Jeannie tuvo que decirlo, aunque le consumía la impaciencia por ver a Dennis Pinker.

– Es preciso que comprendáis que Pinker es un sujeto violento y peligroso -advirtió Temoigne-. ¡Conocéis los detalles de su delito!

– Creo que agredió sexualmente a una mujer en una sala cinematográfica y que la mató cuando ella intentó resistirse.

– Estás muy cerca. Fue en el cine Eldorado, en Greensburg. Proyectaban una película de terror. Pinker bajó al sótano y cortó la corriente eléctrica. A continuación, cuando los espectadores eran presa del pánico en la oscuridad, Pinker se dedicó a sobar a las chicas.

Jeannie intercambió con Lisa una mirada sobrecogida. Se parecía mucho a lo sucedido el domingo en la Universidad Jones Falls. Una maniobra de diversión creó el desconcierto y el pánico y proporcionó al agresor su oportunidad. También había un toque similar de fantasía adolescente en las dos escenas del crimen: manoseo de jóvenes en la sala del cine sumida en la oscuridad y observación de mujeres corriendo desnudas de un lado para otro en el vestuario del gimnasio. Si Steve Logan y Dennis Pinker eran gemelos idénticos, al parecer habían cometido delitos muy semejantes.

– Una mujer cometió la imprudencia de resistírsele -prosiguió Temoigne- y la estranguló.

Jeannie se picó. -Si te hubieran metido mano a ti, alcaide, ¿hubieras cometido la imprudencia de resistirte?

– Yo no soy una chica -replicó Temoigne con el aire del que pone sobre la mesa el as del triunfo.

Intervino Lisa, diplomática: -Debemos poner manos a la obra, doctora Ferrami… Nos queda un montón de trabajo por hacer.

– Tienes razón.

– Normalmente -dijo Temoigne-, tendríais que entrevistar al recluso a través de una reja.

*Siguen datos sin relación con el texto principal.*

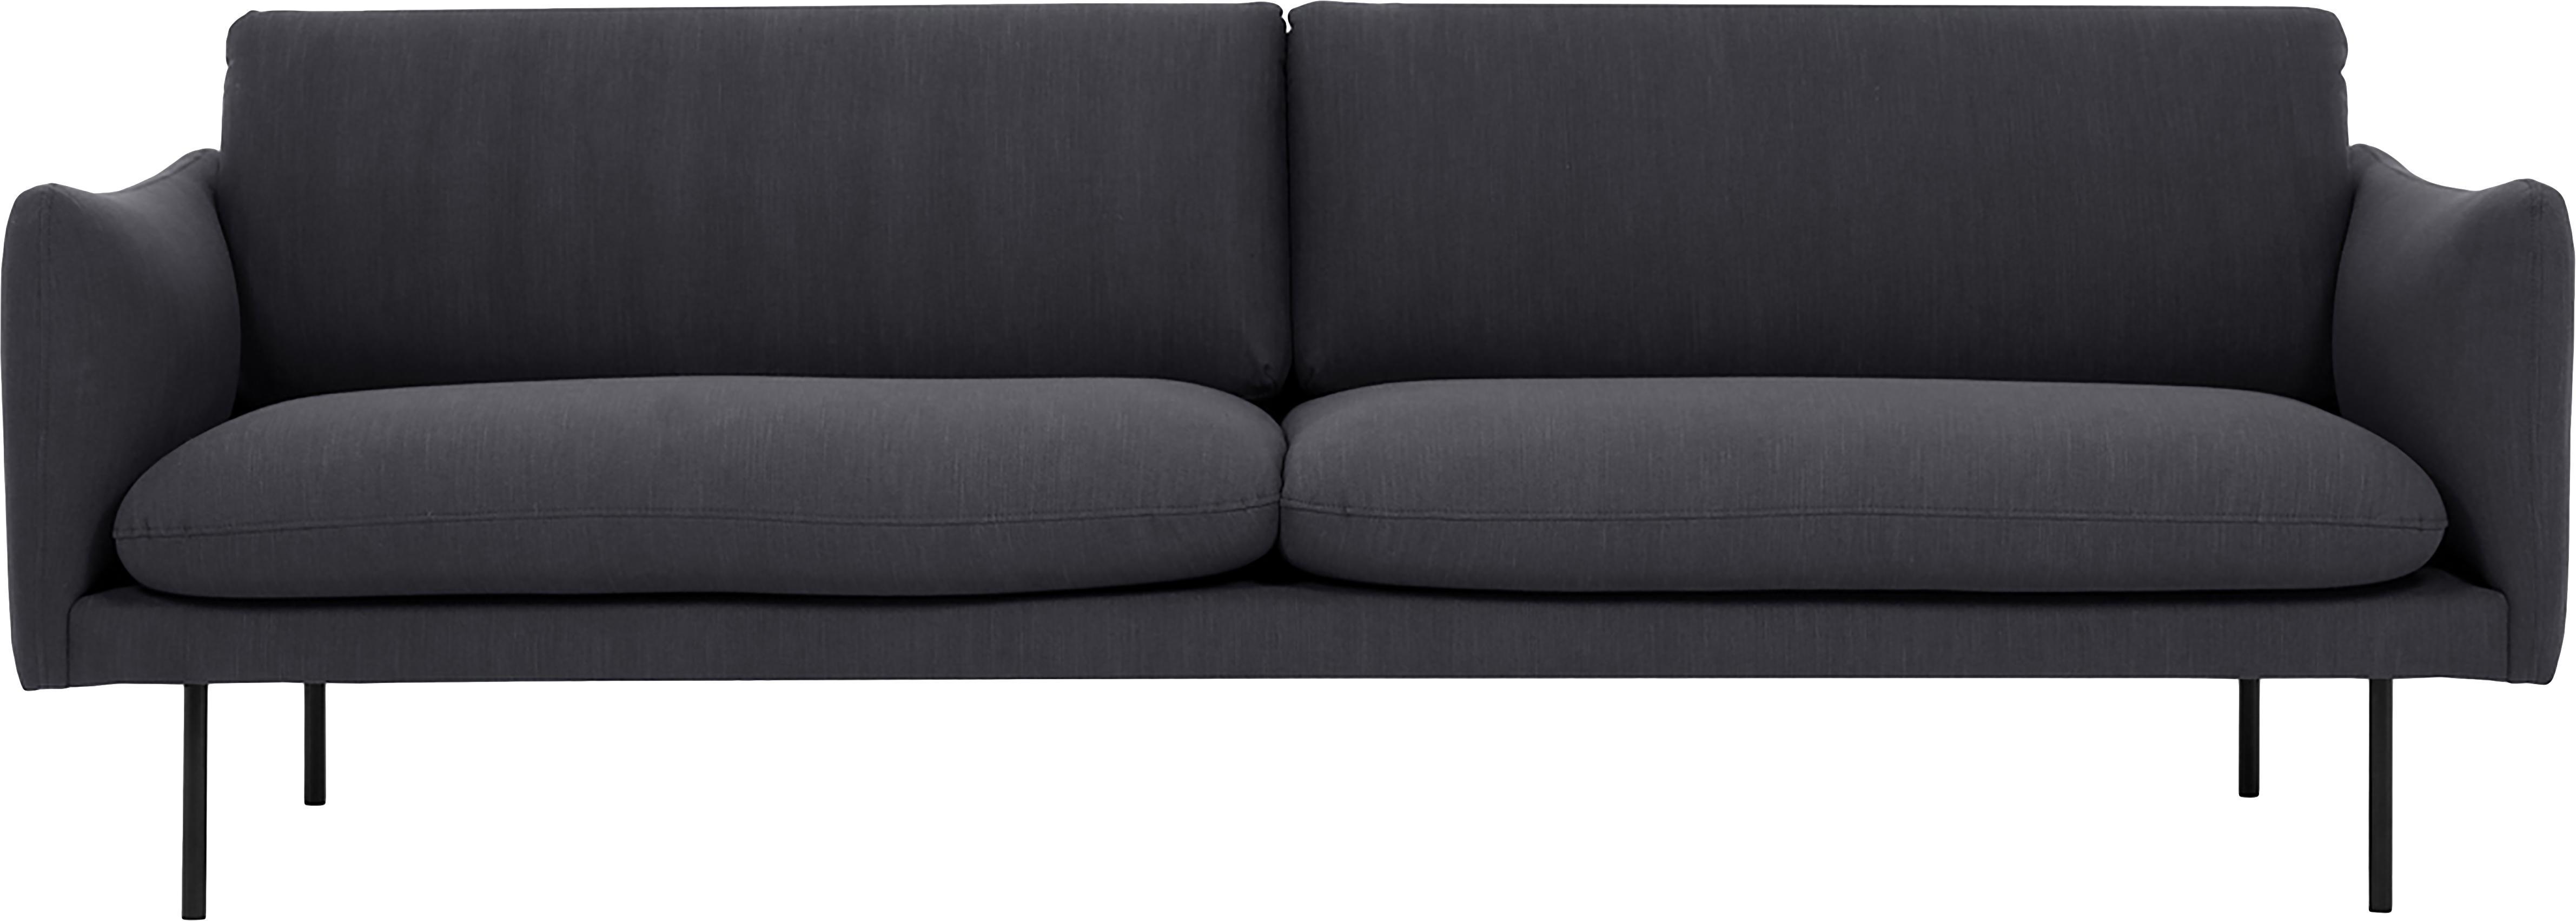 Sofa Moby (3-Sitzer), Bezug: Polyester 60.000 Scheuert, Gestell: Massives Kiefernholz, Webstoff Dunkelgrau, B 220 x T 95 cm

Habéis solicitado de modo especial estar con él en la misma habitación y desde las alturas me han ordenado que os lo permita. A pesar de todo insisto en que volváis a pensarlo. Ese hombre es un criminal peligroso y violento.

Un estremecimiento de angustia sacudió a Jeannie, pero se mantuvo exteriormente fría.

– Habrá un guardia armado en la estancia durante todo el tiempo que estemos con Dennis.

– Claro que sí. Pero me sentiría mucho más cómodo si hubiese una rejilla de acero entre vosotras y el preso. -Temoigne le dedicó una sonrisa zalamera-. Un hombre ni siquiera tiene que ser un psicópata para que le acose la tentación al verse ante dos jóvenes atractivas.

Jeannie se puso en pie bruscamente.

– Te agradezco tu preocupación, alcaide, de veras. Pero tenemos que cumplir determinados pasos, tales como tomar una muestra de sangre, fotografiar al sujeto y etc., cosas que no pueden realizarse a través de los barrotes. Además, ciertas partes de la entrevista tratan de temas íntimos y pensamos que, si una barrera artificial se interpusiera entre nosotras y el sujeto, eso comprometería nuestros resultados.

Temoigne se encogió de hombros.

– Bueno, supongo que sabréis lo que hacéis. -Se levantó-. Os acompañaré al bloque de celdas.

Abandonaron el despacho y cruzaron un patio de tierra batida hacia una especie de bloque de hormigón de dos plantas. Un guardia abrió la puerta de hierro y les franqueó el paso. En el interior reinaba el mismo calor de horno que fuera.

– Robinson se encargará de vosotras a partir de ahora -dijo el alcaide-. Cualquier cosa que necesitéis, chicas, dadme un grito.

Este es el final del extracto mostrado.